Papier Mache in the Caribbean – US Virgin Islands

tnToday we have a guest post from Carolyn of St. Croix. She shows us some small sculptures she makes with an adapted version of my air dry clay recipe, and discusses some problems that are unique to paper mache artists who work in humid climates. She also shows us how she makes her delightful paper mache fish, using balloons. Thanks for the post, Carolyn!

By the way, the beautiful photo at the top of the blog is of Frederiksted, St. Croix, US Virgin Islands.  Amazing …

©2016 Carolyn of St. Croix

My first professional experience with papier mâché came in college where I learned the art of making molds and applying shredded paper paste to create forms.  Before that, I was used to making balloon “armatures” and using them as pinatas, etc.  Nonetheless, I became enthralled with the many aspects of fiber usage and never thought I would turn this knowledge into a profitable hobby/venture today.

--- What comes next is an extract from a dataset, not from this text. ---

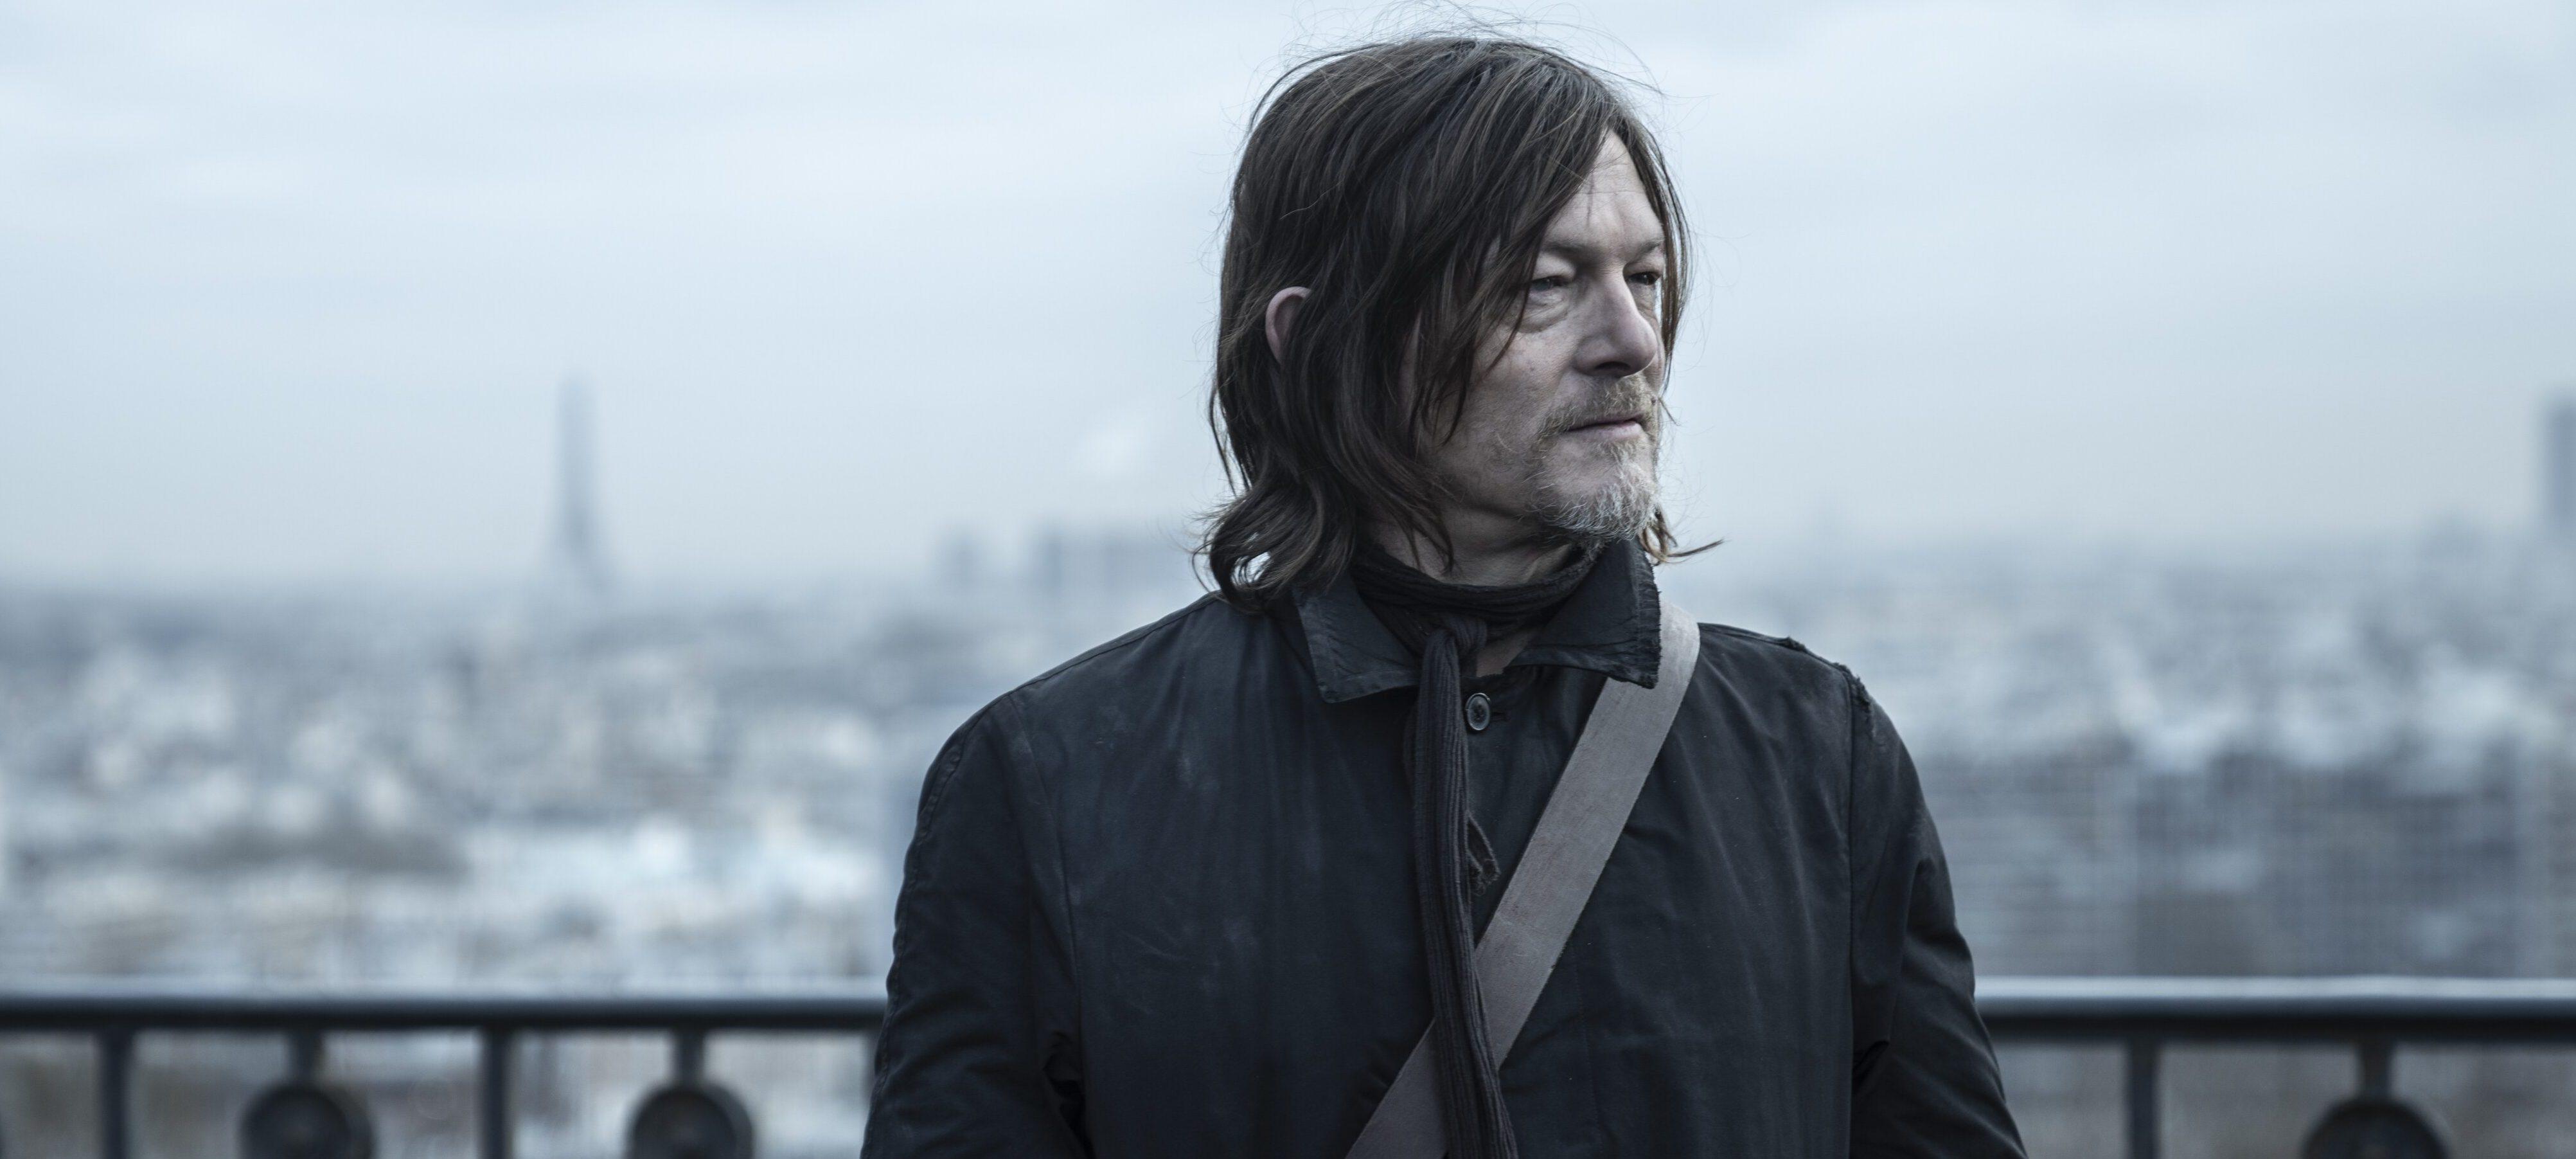 The Walking Dead Daryl Dixon Episode 3 Recap and Ending, Explained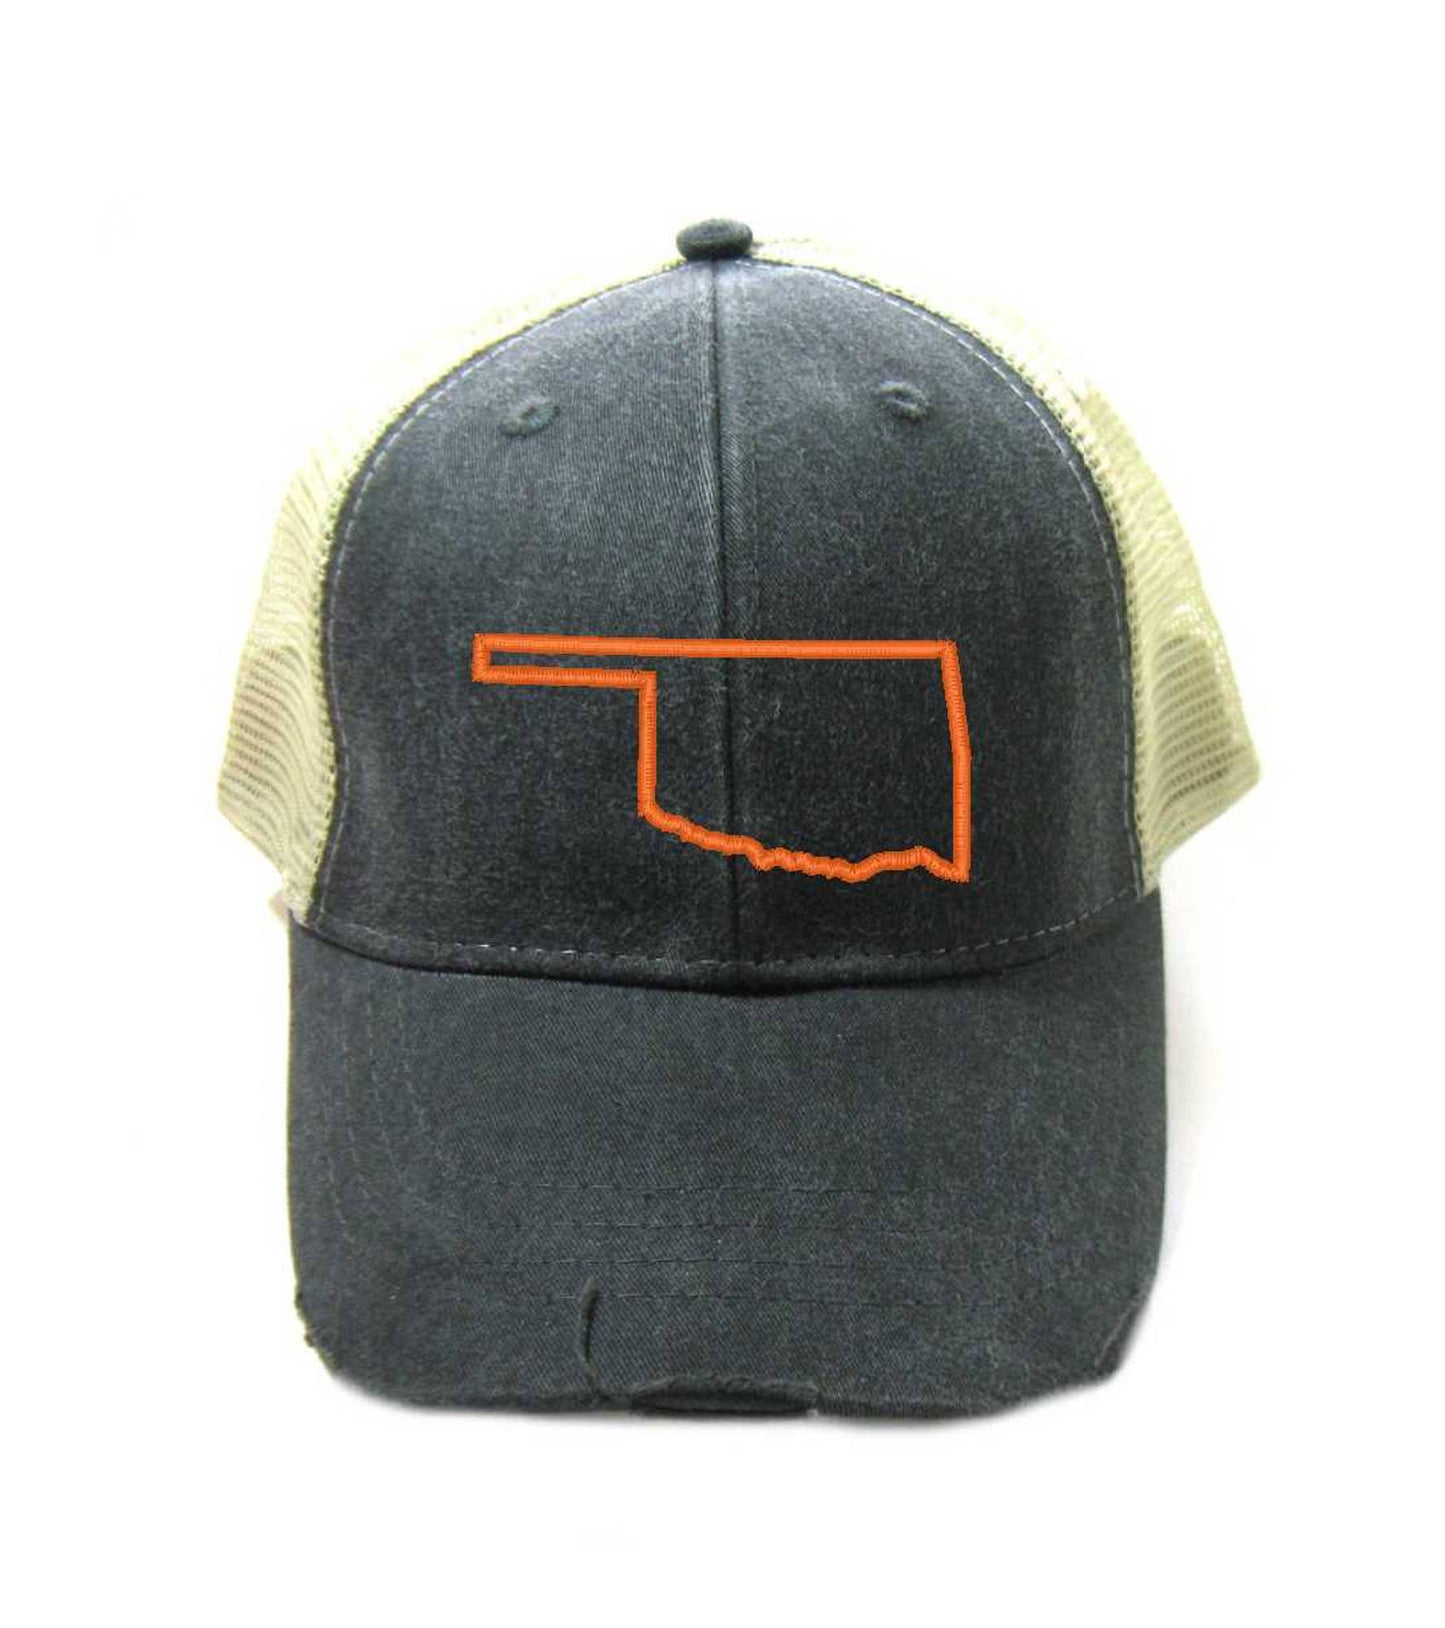 Oklahoma Hat - Distressed Snapback Trucker Hat - Oklahoma State Outline - Many Colors Available

Here in the Caribbean, the sun seems to shine brighter and even hotter than before when I was young.  It is the perfect setting for all kind of solar energy pursuits and of course the less costliest and most efficient way of drying or preserving my papier mâché artworks.  I am also an art teacher in a public school and offer afterschool and summer camp sessions where I teach alot about making recyclable items using different types of paper pasting methods.

We do a lot of environment and gardening activities so the making of paper pots or garden art fits in well with our Garden School theme (the name of our non profit organization school).

I have been actively making our locally infamous Caribbean cultural icon , a Moko Jumbie ornament, since 1989.  Immediately after Hurricane Hugo hit the islands that year, our electricity was out for a long time.  During times like that there is a lot of time to live and act more « down to earth » and my creative juices flowed like a river.  I utilized my skills to create my first free hanging ornaments using crotchet and hand sewing techniquies.   I felt the « spirit » so to speak of Moko Jumbie throughout the land….Good over Evil….making my artwork help me to remain focused and calm while rebuilding our home.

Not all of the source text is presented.